A mineração urbana transforma lixo eletrônico em fonte de metais preciosos. Celulares antigos em apartamentos, escritórios e gavetas viram estoque estratégico de ouro, prata e cobre. O tema cresce ao unir economia circular, sustentabilidade e indústria tecnológica.

Especialistas apontam que placas de circuito podem concentrar mais ouro que alguns minérios. A prática não substitui a mineração tradicional, mas reduz a pressão sobre novas jazidas ao aproveitar recursos já circulando. Dados vêm de universidades e agências ambientais.

A mineração urbana recupera materiais de bens produzidos, como aparelhos eletrônicos, cabos e computadores. O foco são as placas de circuito, onde estão cobre, prata, ouro e componentes. O objetivo é recolher, tratar e reinserir esses metais em cadeias produtivas.

A lógica da economia circular orienta o fluxo: coleta, desmontagem, recuperação e reinserção em novos produtos.
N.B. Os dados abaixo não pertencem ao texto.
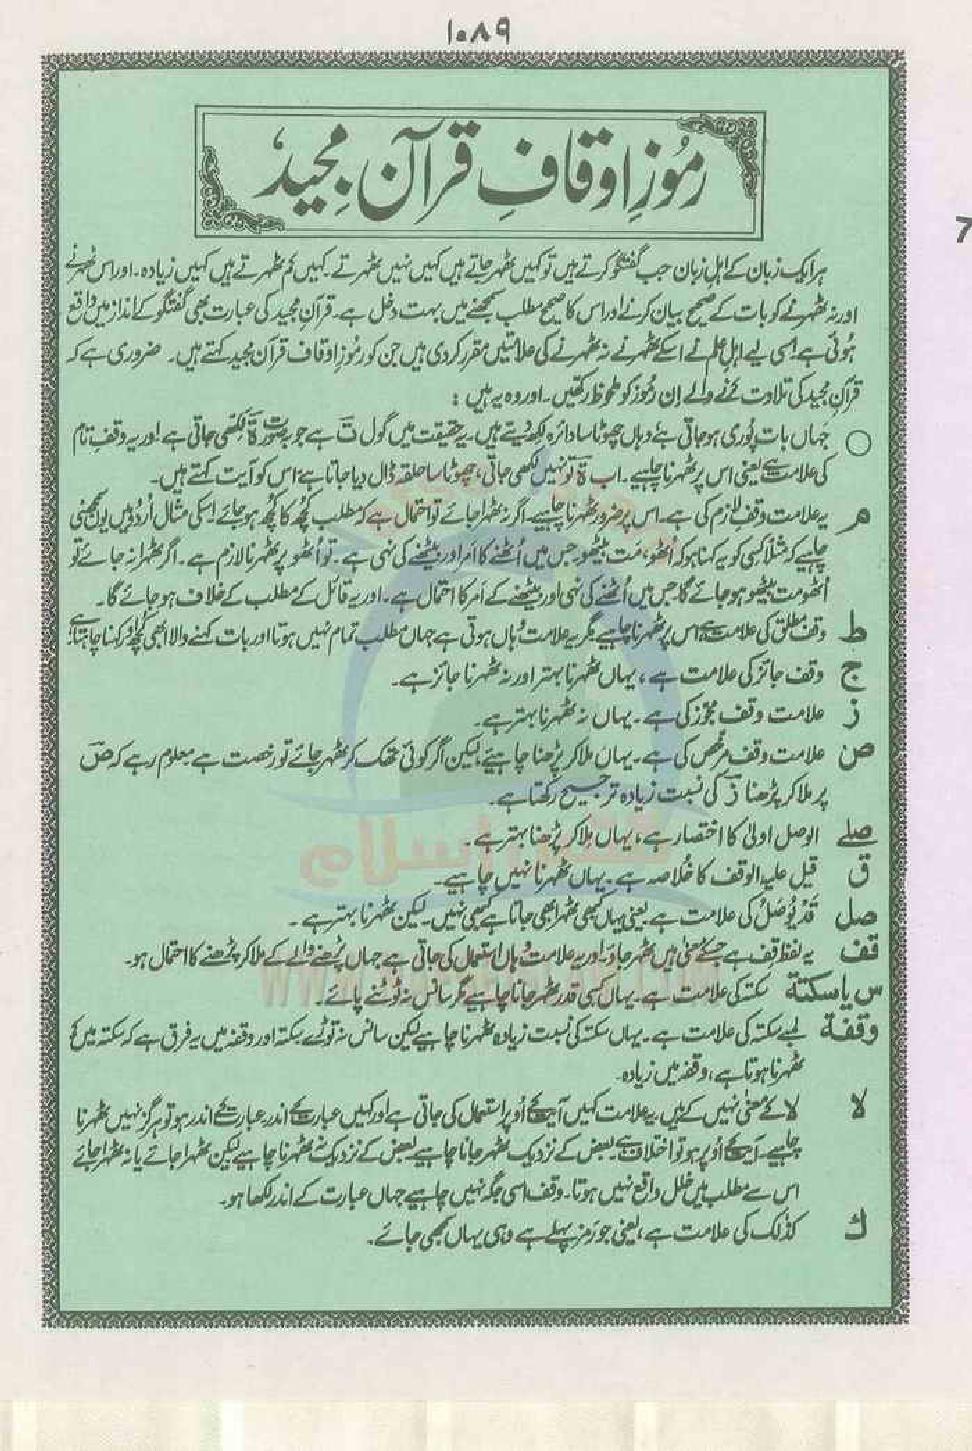 Kanz-ul-Iman (Recitation & Translation): Ramooz-e-Oqaaf-e

Assim, equipamentos em fim de vida deixam de ser apenas resíduos e passam a insumos para joias, componentes elétricos ou itens de alto valor.
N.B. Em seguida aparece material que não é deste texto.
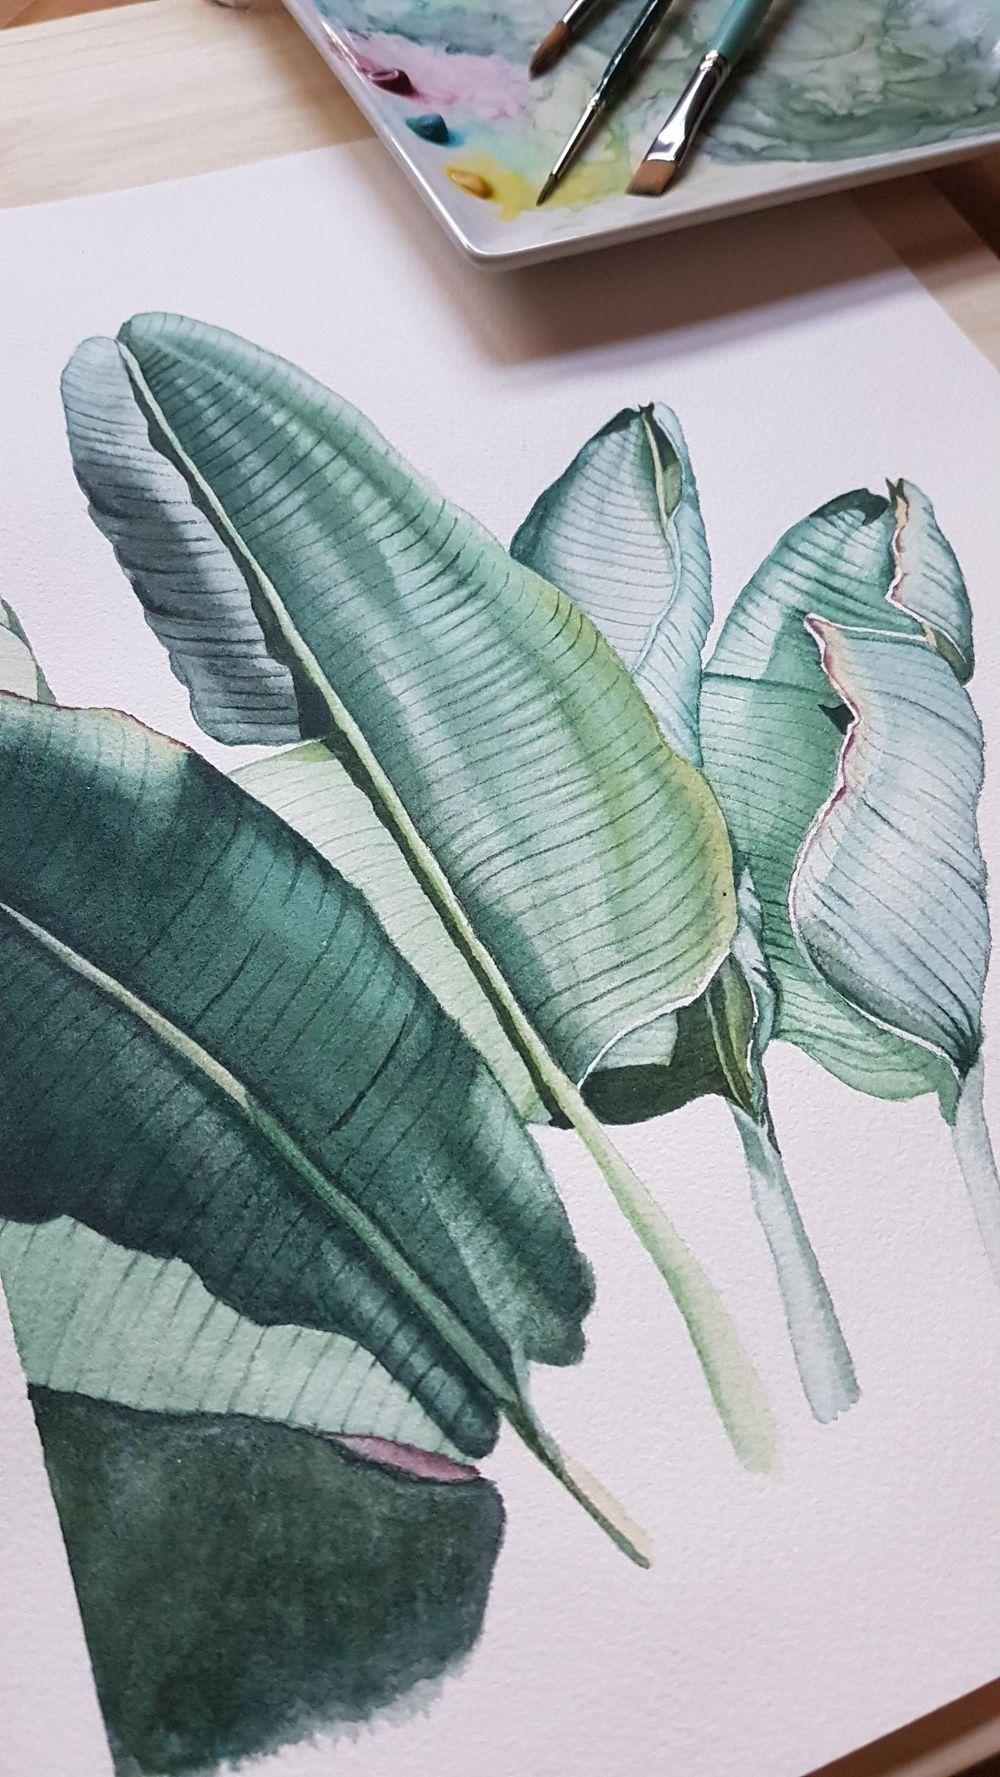 Botanical sunlight - image 1 - student project

Caso emblemático: toques olímpicos

Durante os Jogos Olímpicos e Paralímpicos de Tóquio, o Japão promoveu uma campanha nacional para recolher aparelhos em desuso. A meta foi extrair metais para as medalhas, com milhares de pontos de coleta instalados no país.
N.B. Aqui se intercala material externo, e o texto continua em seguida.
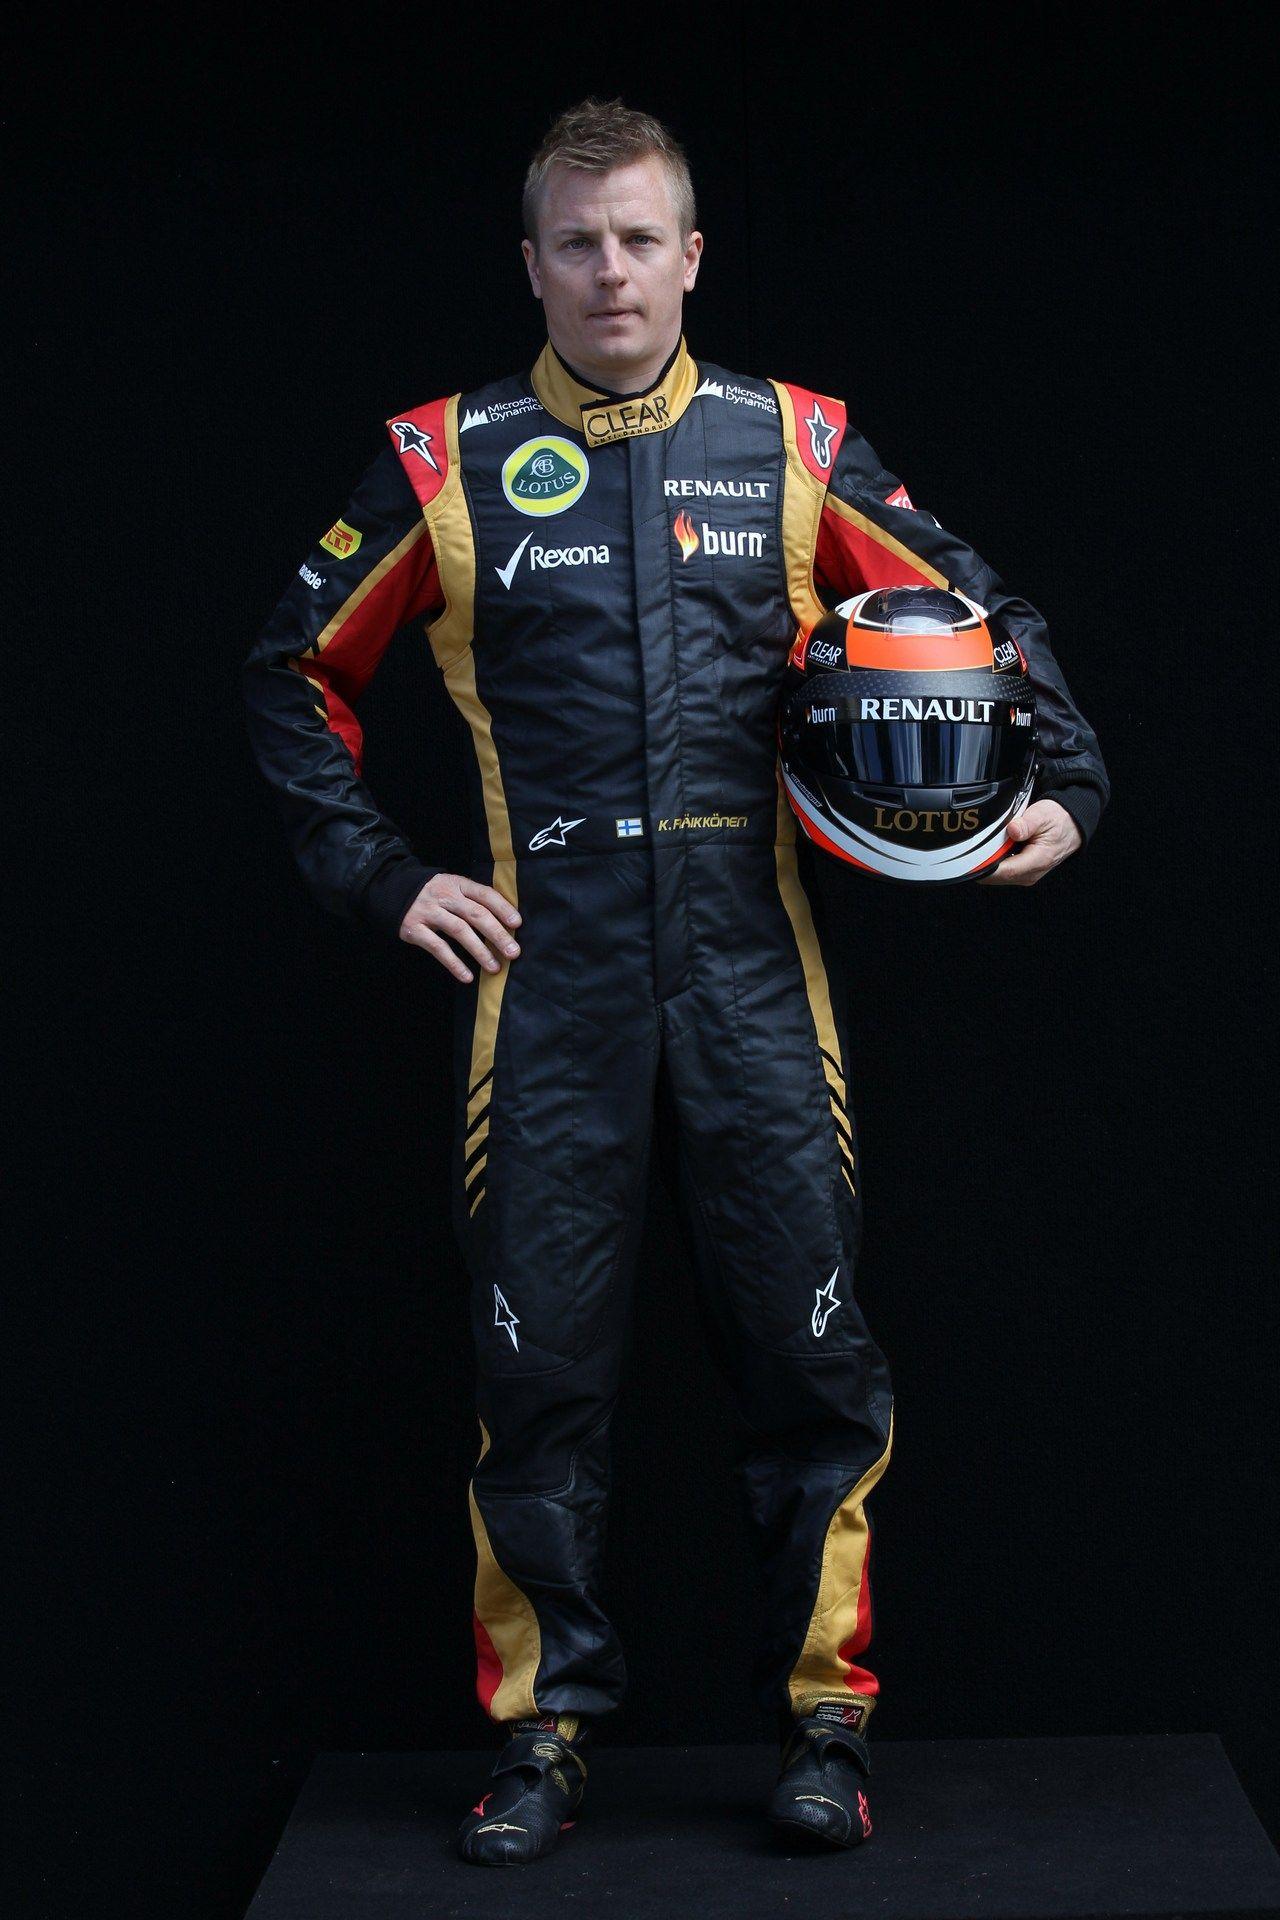 Round 1, Rolex Australian Grand Prix 2013, Preparation, #7 Kimi Raikkonen (FIN), Driver, Lotus F1 Team

A triagem e o processamento das placas resultaram na recuperação de ouro, prata e cobre suficientes para fabricar as medalhas distribuídas. O projeto mostrou a viabilidade da logística reversa como ferramenta de sustentabilidade pública.

Joias sustentáveis e tecnologia

Marcas de design e oficiarias investem em joias produzidas com metais reciclados de eletrônicos. O ouro e a prata passam por refinamento até chegar a padrões de pureza equivalentes aos da mineração tradicional. Os materiais podem obter certificação de origem urbana.

Indústrias de tecnologia também utilizam metais recuperados na fabricação de componentes, conectores e soldas. A rastreabilidade é aprimorada por sistemas digitais, assegurando a procedência dos metais.

Desafios e impacto ambiental

A mineração tradicional envolve extrativismo intenso e uso de agrotóxicos; a urbana reduz a necessidade de novas frentes de exploração. Ainda assim, o tratamento químico exige controle de efluentes e condições de trabalho seguras, com instalações reguladas para mitigar impactos.

Estudos indicam que, quando bem gerida, a mineração urbana pode diminuir emissões associadas à produção de metais. O segredo está na concentração de processos em instalações com padrões ambientais adequados.

Logística reversa como pilar

A logística reversa organiza o retorno de equipamentos a pontos de tratamento. Programas de coleta facilitam o descarte correto de celulares, tablets e computadores. Reguladores costumam exigir que fabricantes financiem ou operem sistemas de reciclagem.

Para ampliar a escala, especialistas destacam: mais pontos de entrega, campanhas informativas, parcerias entre setor público, empresas e recicladores certificados, e rastreabilidade dos materiais.